To estimate the probability that the next observed individual is from any species from this group (i.e., the group of species seen $r$ times) one can use the following formula:
$$\frac{(r+1) S(N_{r+1})}{N}.$$

===Smoothing===
For smoothing the erratic values in $N_r$ for large $r$, we would like to make a plot of $\log N_r$ versus $\log r$ but this is problematic because for large $r$ many $N_r$ will be zero. Instead a revised quantity, $\log Z_r$, is plotted versus $\log r$, where $Z_r$ is defined as

$$Z_r = \frac{N_r}{(t - q)/2},$$

and where $q$, $r$, and $t$ are three consecutive subscripts with non-zero counts $N_q$, $N_r$, $N_t$. For the special case when $r$ is 1, take $q$ to be 0. In the opposite special case, when $r = r_\text{last}$ is the index of the last non-zero count, replace the divisor $(t - q)/2$ with $r_\text{last} - q$, so $Z_{r_\text{last}} = N_{r_\text{last}} / (r_\text{last} - q)$.

A simple linear regression is then fitted to the log–log plot.

For small values of $r$ it is reasonable to set $S(N_r) = N_r$ – that is, no smoothing is performed.

For large values of $r$, values of $S(N_r)$ are read off the regression line. An automatic procedure (not described here) can be used to specify at what point the switch from no smoothing to linear smoothing should take place.
Code for the method is available in the public domain.

==Derivation==

Many different derivations of the above formula for $p_r$ have been given.

One of the simplest ways to motivate the formula is by assuming the next item will behave similarly to the previous item.
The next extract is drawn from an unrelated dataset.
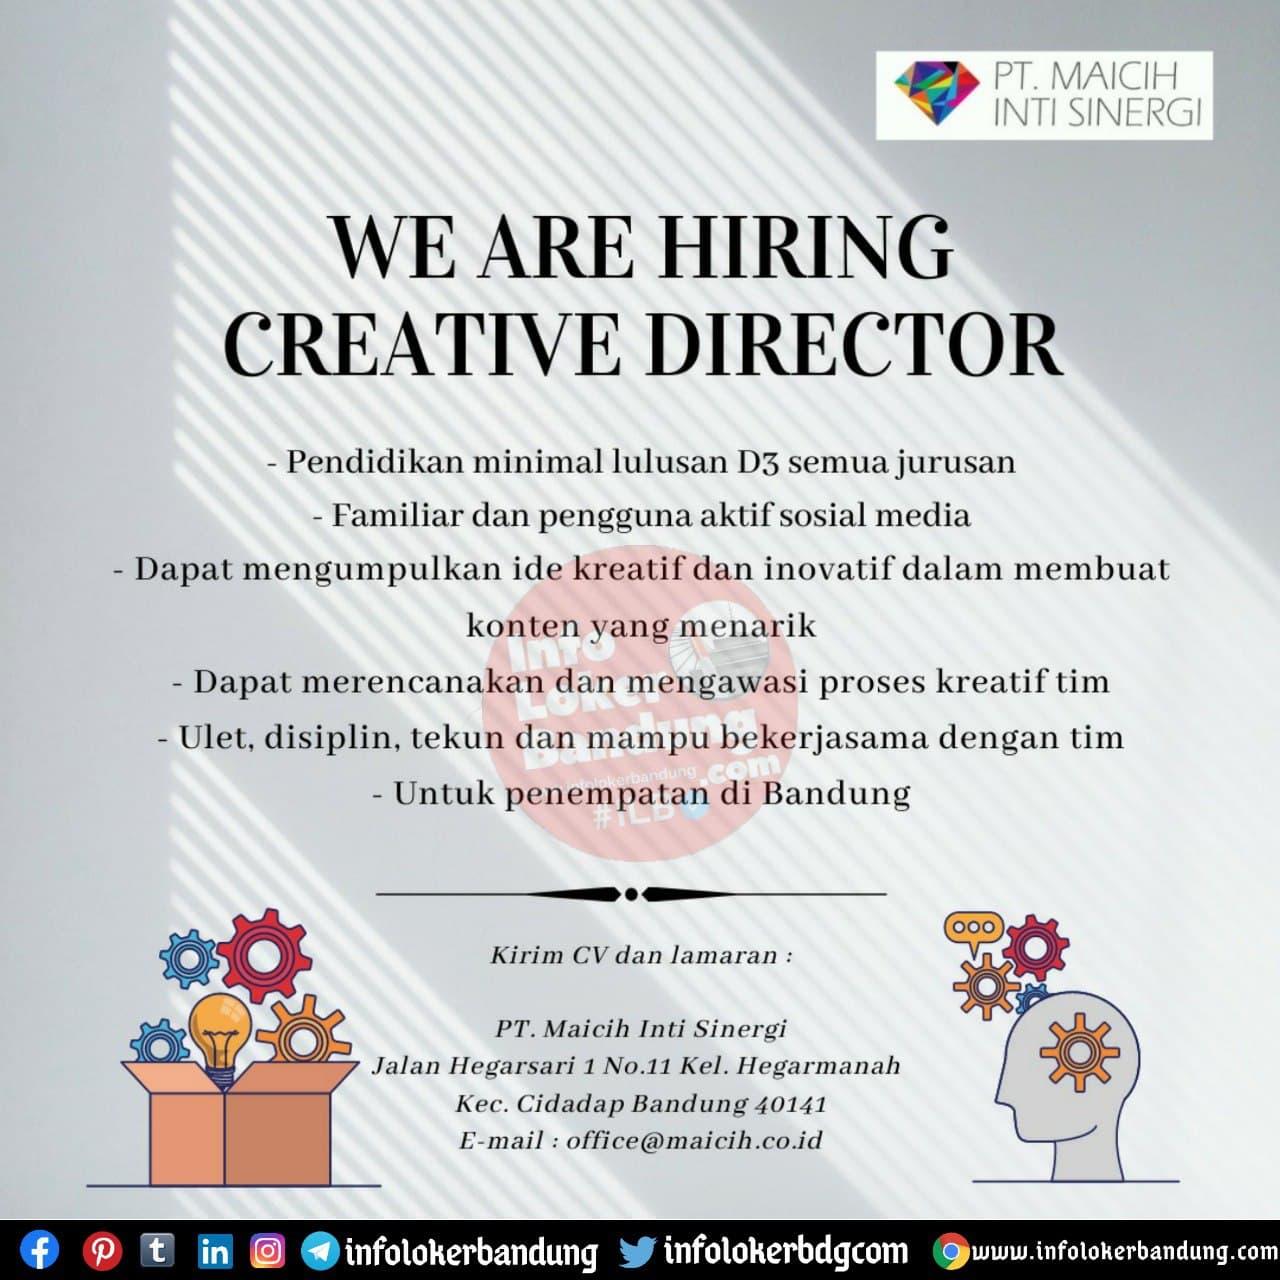 Lowongan Kerja Creative Director PT. Maicih Inti Sinergi Bandung November 2020
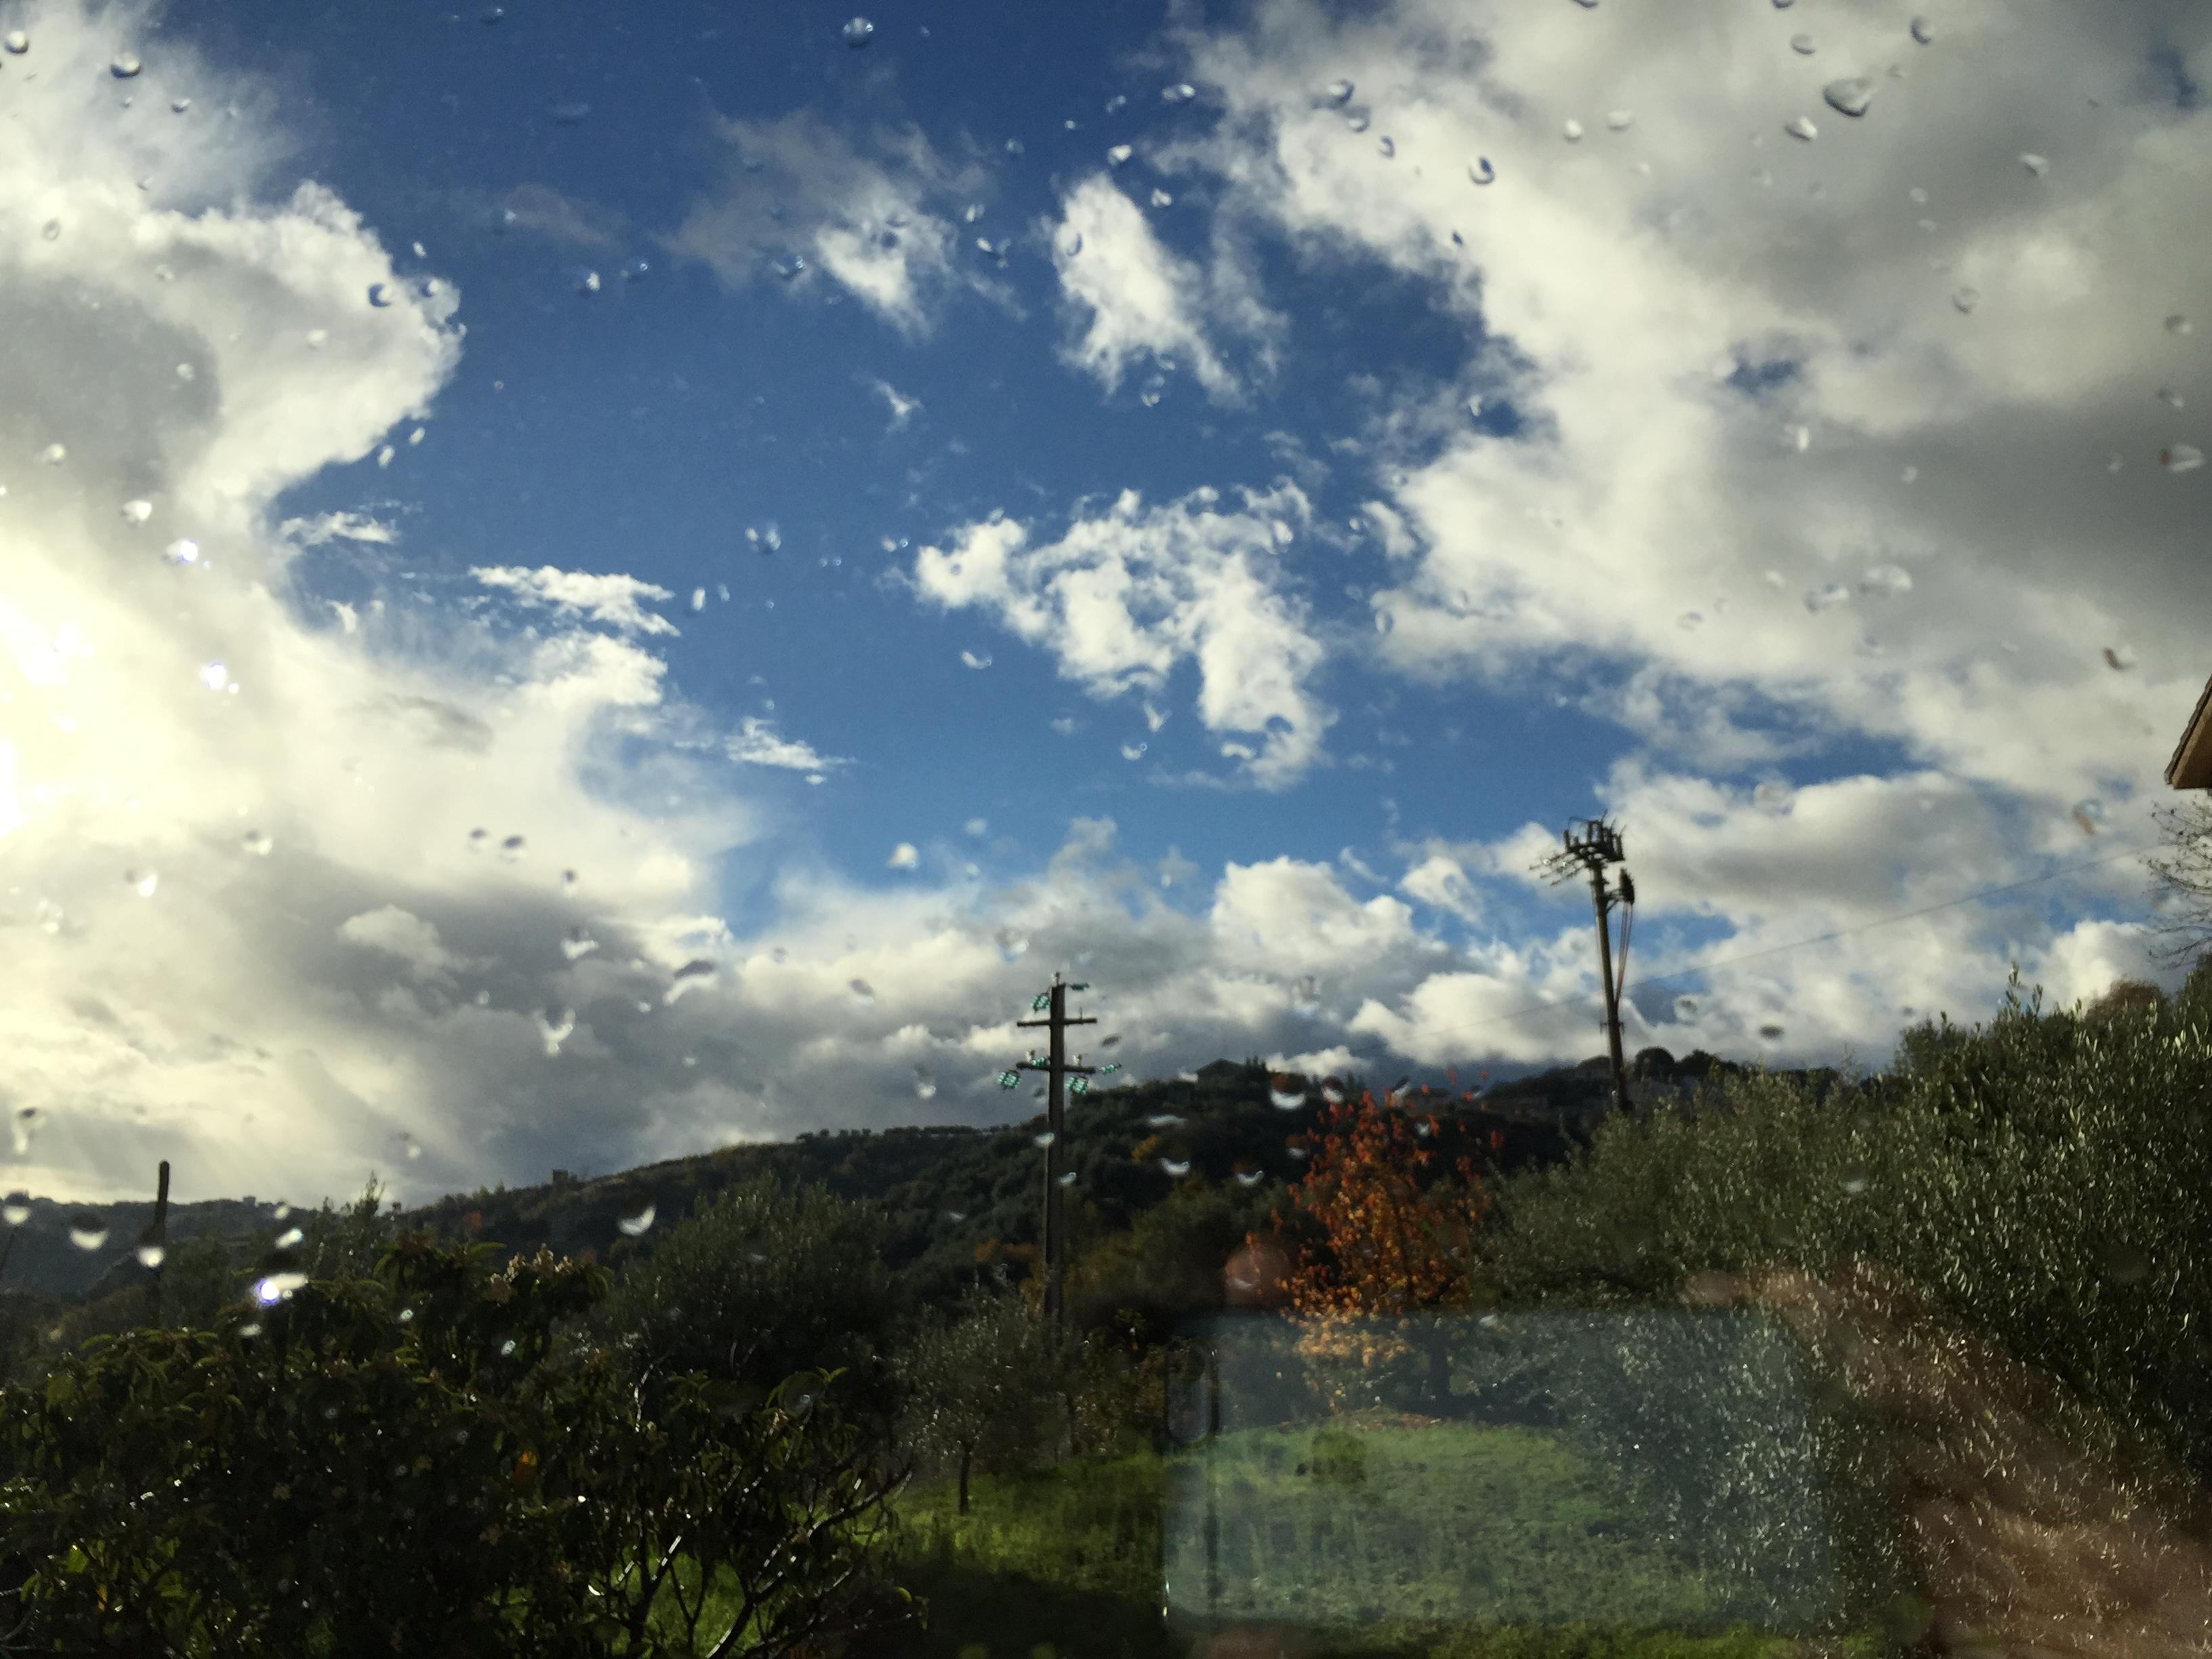 Residua instabilità, poi da lunedì bel tempo quasi ovunque....

The overall idea of the estimator is that currently we are seeing never-seen items at a certain frequency, seen-once items at a certain frequency, seen-twice items at a certain frequency, and so on. Our goal is to estimate just how likely each of these categories is, for the next item we will see. Put another way, we want to know the current rate at which seen-twice items are becoming seen-thrice items, and so on. Since we don't assume anything about the underlying probability distribution, it does sound a bit mysterious at first. But it is extremely easy to calculate these probabilities empirically for the previous item we saw, even assuming we don't remember exactly which item that was: Take all the items we have seen so far (including multiplicities) — the last item we saw was a random one of these, all equally likely. Specifically, the chance that we saw an item for the $(r+1)$th time is simply the chance that it was one of the items that we have now seen $r + 1$ times, namely $\frac{(r+1) N_{r+1}}{N}$. In other words, our chance of seeing an item that had been seen r times before was $\frac{(r+1) N_{r+1}}{N}$. So now we simply assume that this chance will be about the same for the next item we see. This immediately gives us the formula above for $p_0$, by setting $r=0$. And for $r>0$, to get the probability that a particular one of the $N_{r}$ items is going to be the next one seen, we need to divide this probability (of seeing some item that has been seen r times) among the $N_{r}$ possibilities for which particular item that could be. This gives us the formula $\;p_{r} = \frac{(r+1) N_{r+1}}{N N_r}$. Of course, your actual data will probably be a bit noisy, so you will want to smooth the values first to get a better estimate of how quickly the category counts are growing, and this gives the formula as shown above. This approach is in the same spirit as deriving the standard Bernoulli estimator by simply asking what the two probabilities were for the previous coin flip (after scrambling the trials seen so far), given only the current result counts, while assuming nothing about the underlying distribution.